● **Task to carry out**: Retype the listing exactly, minus its pictures.

● **Dataset extract**:
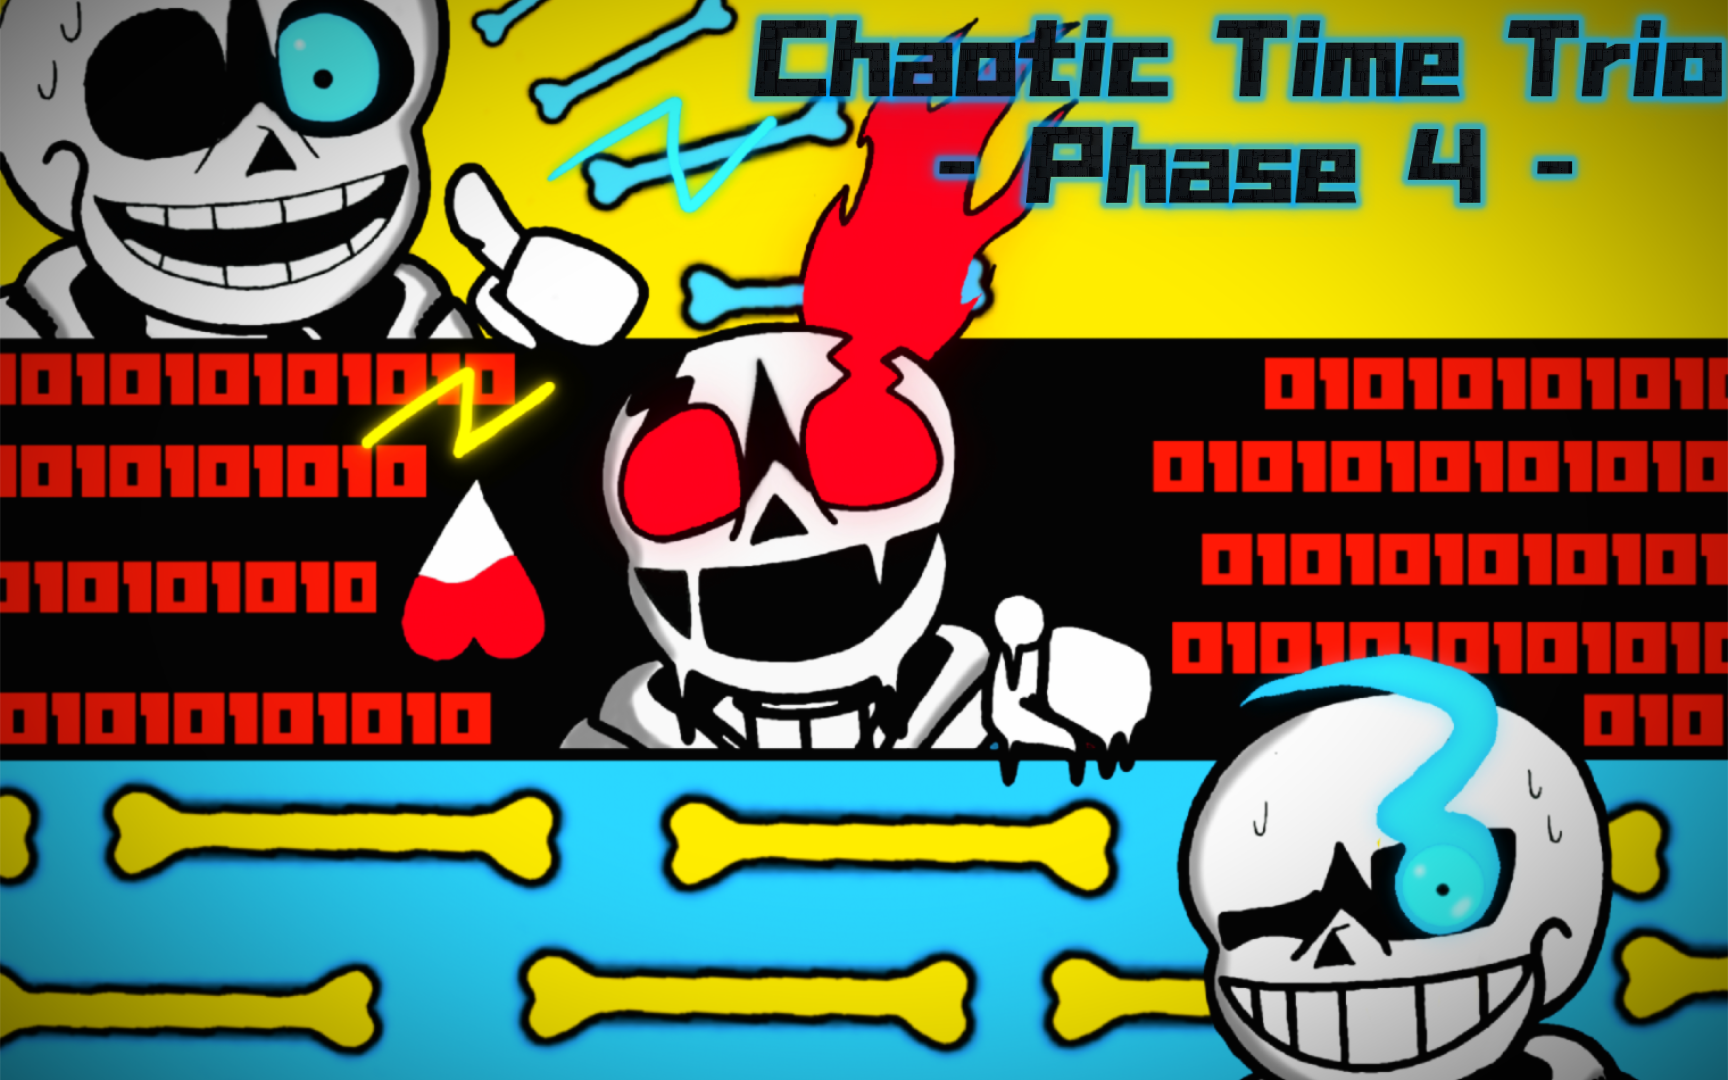 个人最高技术力!【Chaotic Time Trio】(三重混沌时光)-Phase 4- 全剧情绘画“永别了，孩子”
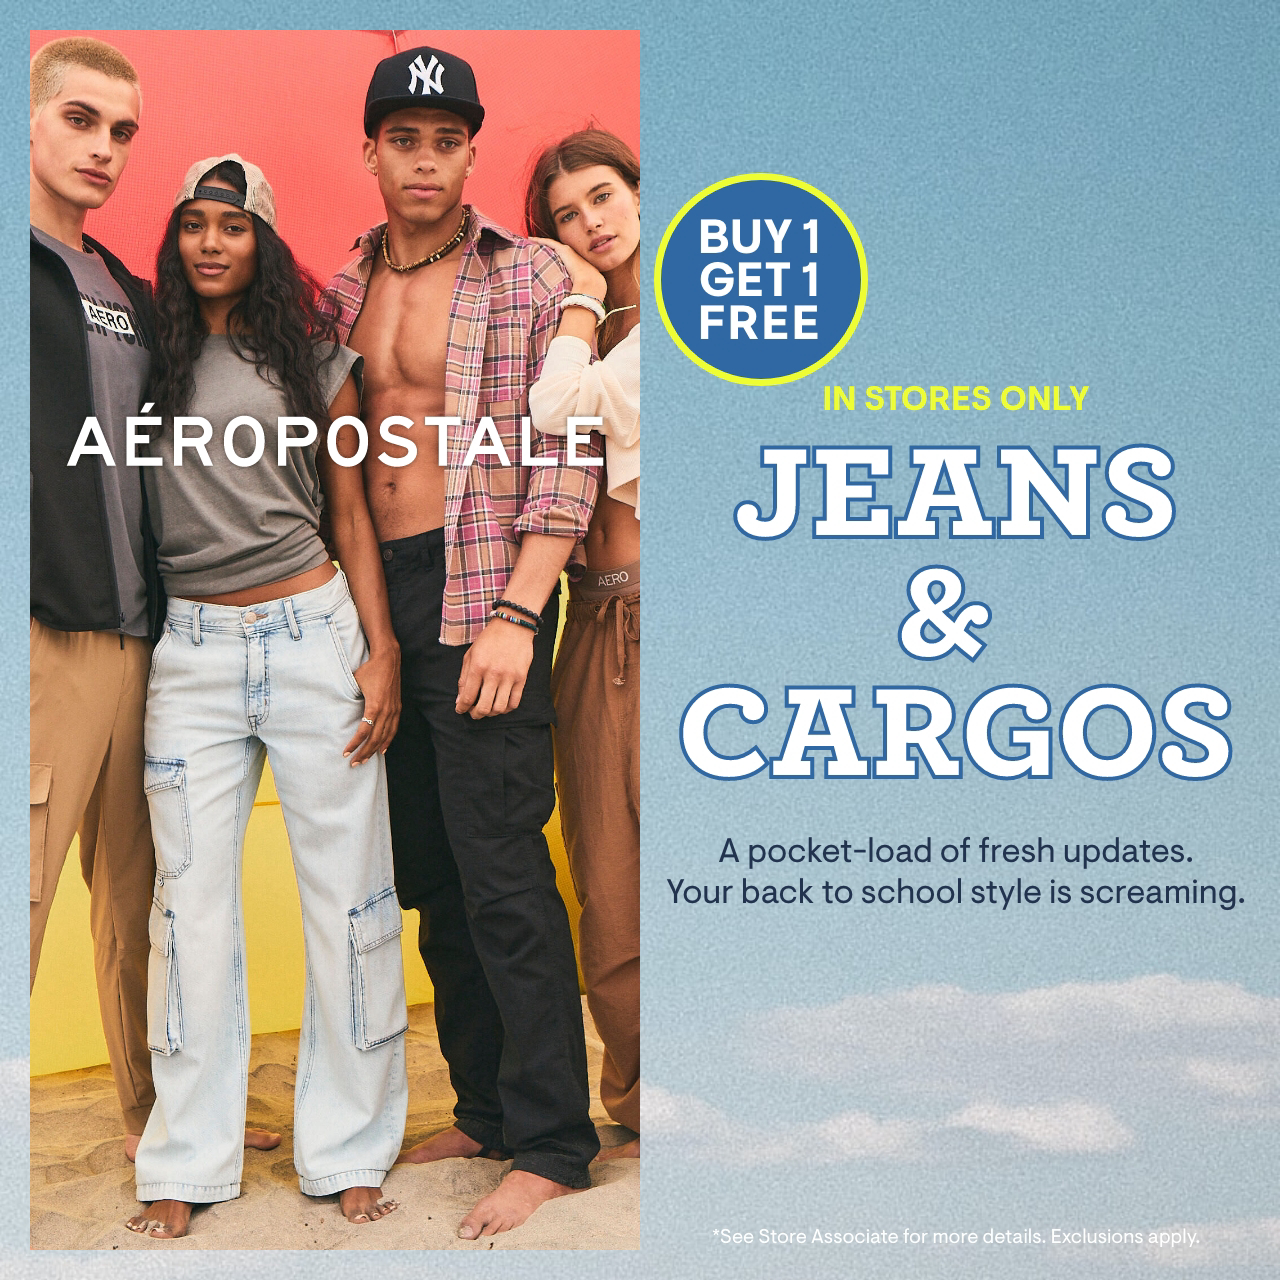 Aeropostale Campaign 95 Jeans Cargos. Buy 1 Get 1 Free EN 1280x1280 1
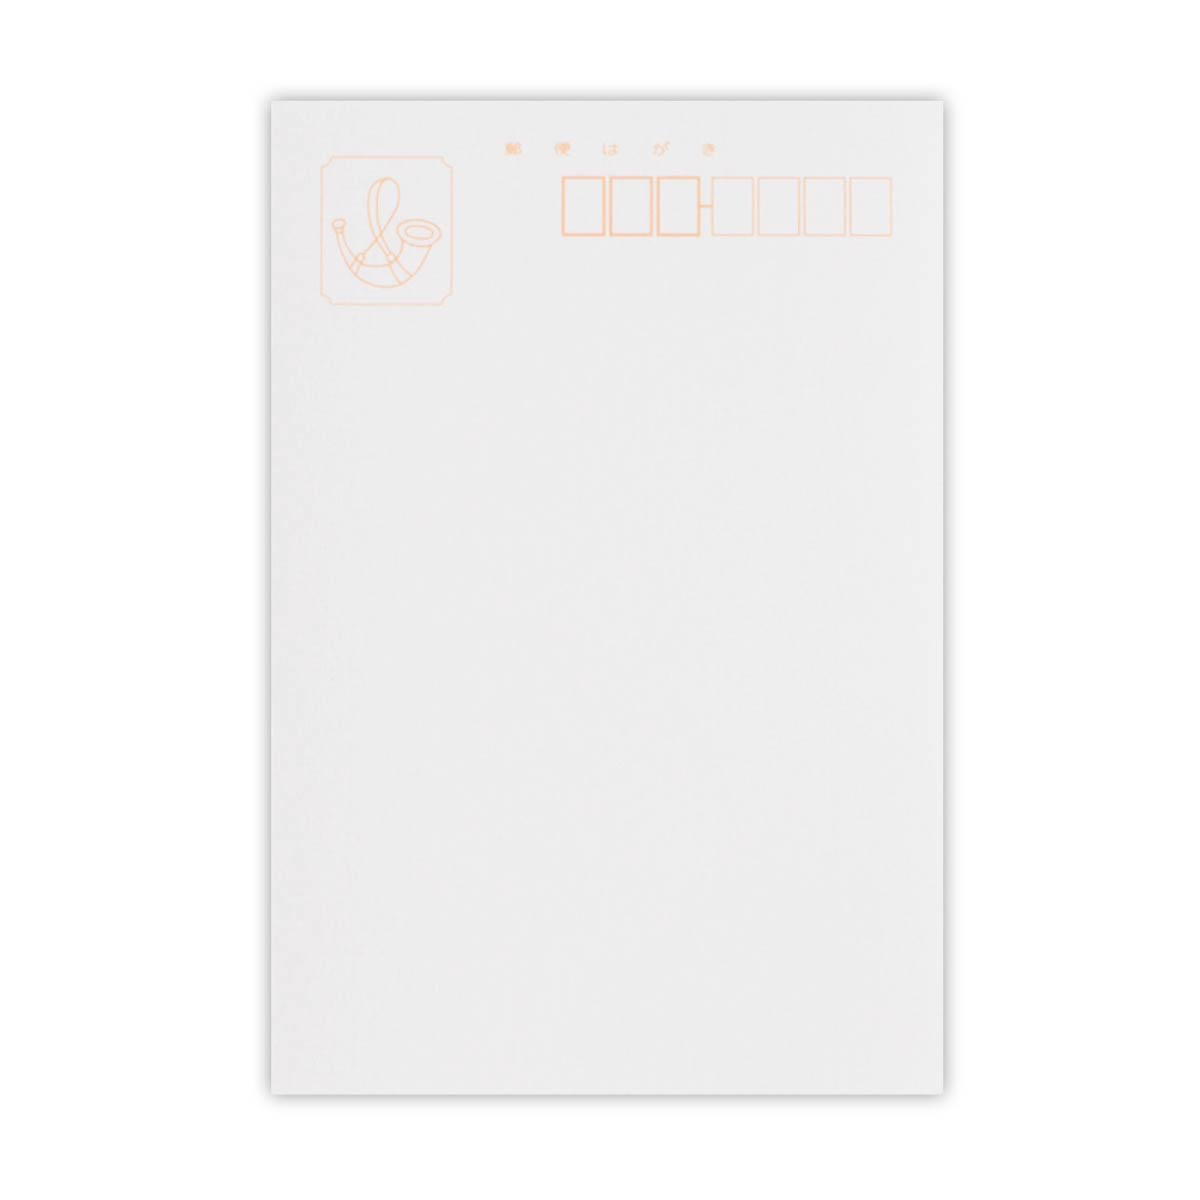  Maruman открытка Maruman бумага для рисования Special толщина 40 листов (S141C)

● **Task solution**:
 个人最高技术力!【Chaotic Time Trio】(三重混沌时光)-Phase 4- 全剧情绘画“永别了，孩子”
 Aeropostale Campaign 95 Jeans Cargos. Buy 1 Get 1 Free EN 1280x1280 1
  Maruman открытка Maruman бумага для рисования Special толщина 40 листов (S141C)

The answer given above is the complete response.